Commodity Futures Symbols
There is a myriad of commodity Futures to trade from metals to agricultural commodities and Energy. Here are a few of the possibly most important Futures symbols to keep in mind for some of the most traded assets:
The metals market has some base and precious commodities. Some of which, like Gold, are considered safe-haven assets that traders go to in times of inflation and economic turmoil. Some of the most important metals and their accompanying symbols include Gold (GC), Silver (SI), Copper (HG), and Platinum (PL).
The energy market is one of the most crucial and traded markets in the world as it is nearly impossible to survive in our modern world without any of the below-mentioned energy commodities. Accordingly, here are some energy commodities and their relevant symbols. Crude Oil (CL), Heating Oil (HO), Natural Gas (NG), Brent Crude Oil (BZ), and RBOB Gasoline (RB).
The agriculture market is one of the oldest forms of Futures trading still in use to date. Some of the most important agricultural commodities include Corn (ZC), Live Cattle (LE), Soybeans (ZS), and Lean Hogs (HE) among other commodities all of which are offered for trading on Plus500’s Futures platform.
Indexes Futures Symbols
The Futures market offers access to important global market Indexes, some of which track the biggest companies in the world like the S&P 500 (ES) and the Nasdaq 100 (NQ).
Interest Rates Futures Symbols
Interest rates are key anticipated factors in the market and the economy as they directly affect inflation, deflation, and consumer prices.

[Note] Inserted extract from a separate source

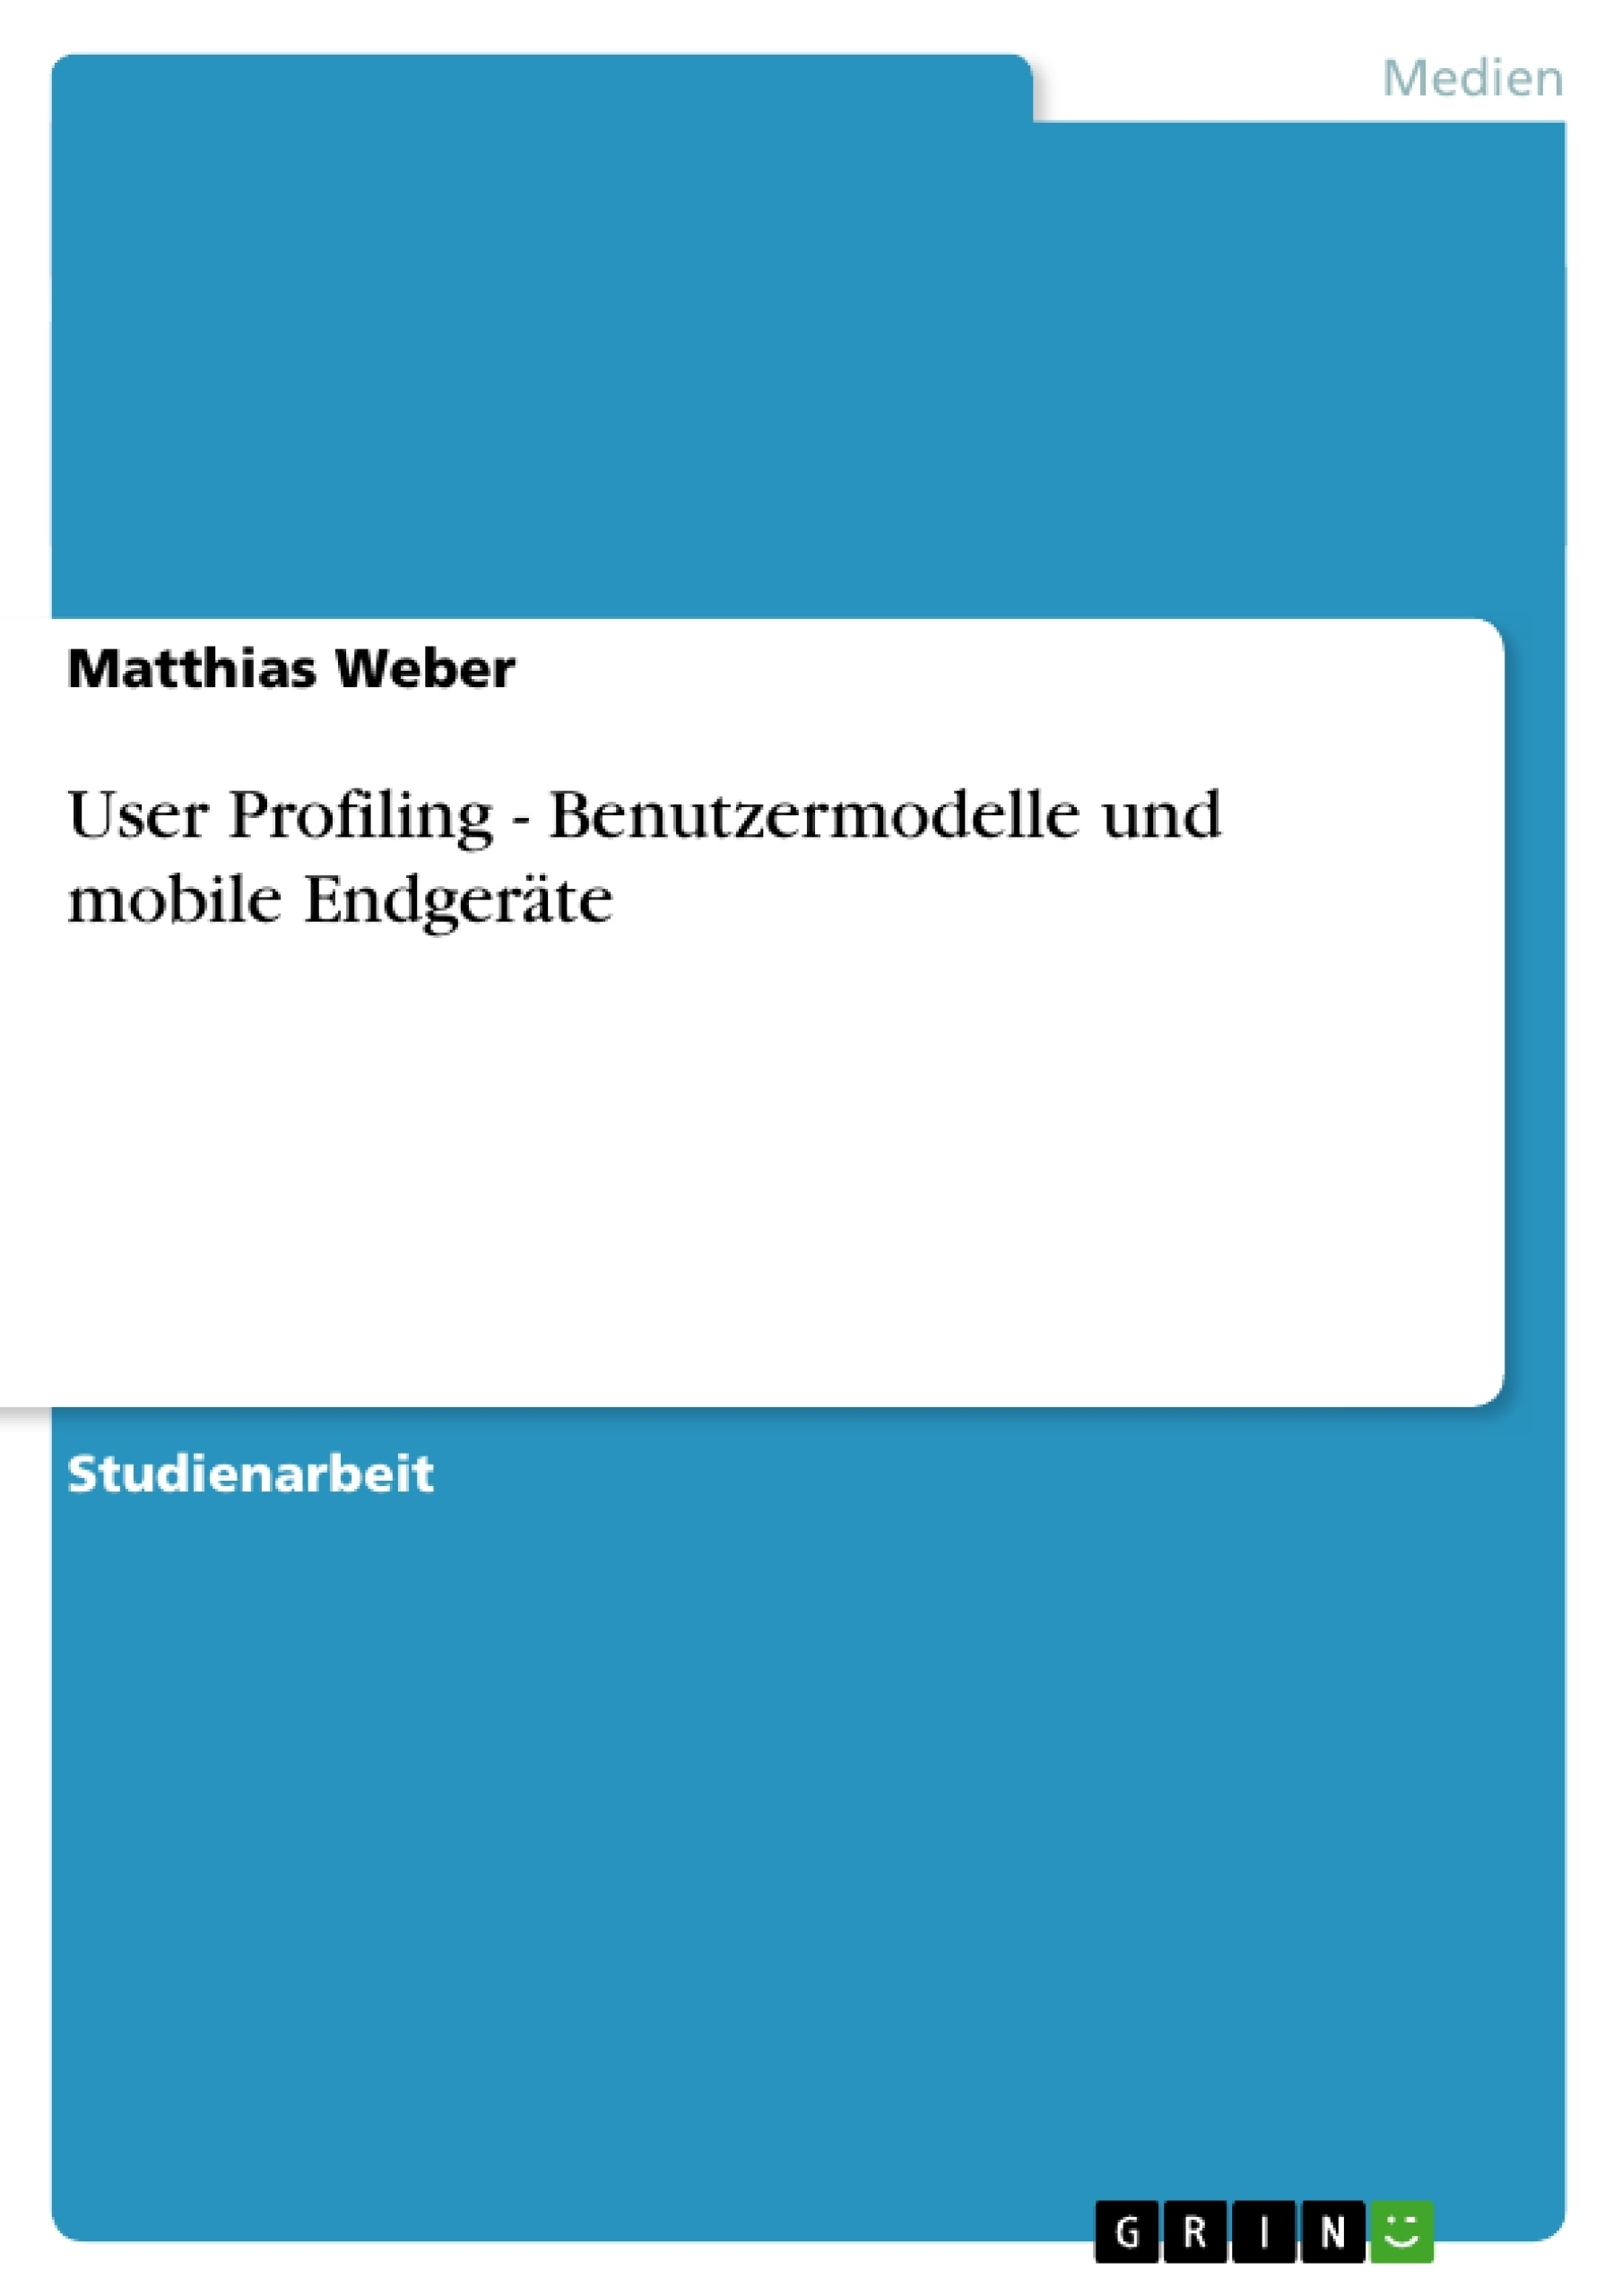 Titel: User Profiling - Benutzermodelle und mobile Endgeräte

Benchmark rates change from time to time in order to control the aforementioned factors and through Futures contracts traders may potentially benefit from changes in key interest rates like the US Treasury Bond (ZB), Federal Funds Rate (ZQ), and the Eurodollar (GE), among others.
Forex Futures Symbols
The Forex market is considered the world’s largest financial market with some of the highest daily trading volumes and returns. It is also one of the most traded markets since people participate in it directly or indirectly. The Forex market is, therefore, a market sought by many and can also be accessed through Futures contracts. Some of the available Futures currencies include the Australian Dollar (6A), the Canadian Dollar (6C), the British Pound (6B), the Euro (6E), and the Swiss Franc (6S). Plus500 also offers micro Futures on some of the most traded Forex Futures pairs like the GBP/USD (M6B), and the EUR/USD (M6E).
What Are Trading Codes?
Futures contracts trading codes aim to provide adequate information about a contract with the least amount of words possible as it usually consists of one or more letters identifying the product and additional characters indicating the month and year of expiration.
For example, a contract called “SIQ3” refers to a Silver Futures contract with an August 2023 expiration.
Nonetheless, one should keep in mind that many exchanges use different trading symbols and codes for certain products, and as such, trading codes can change and vary.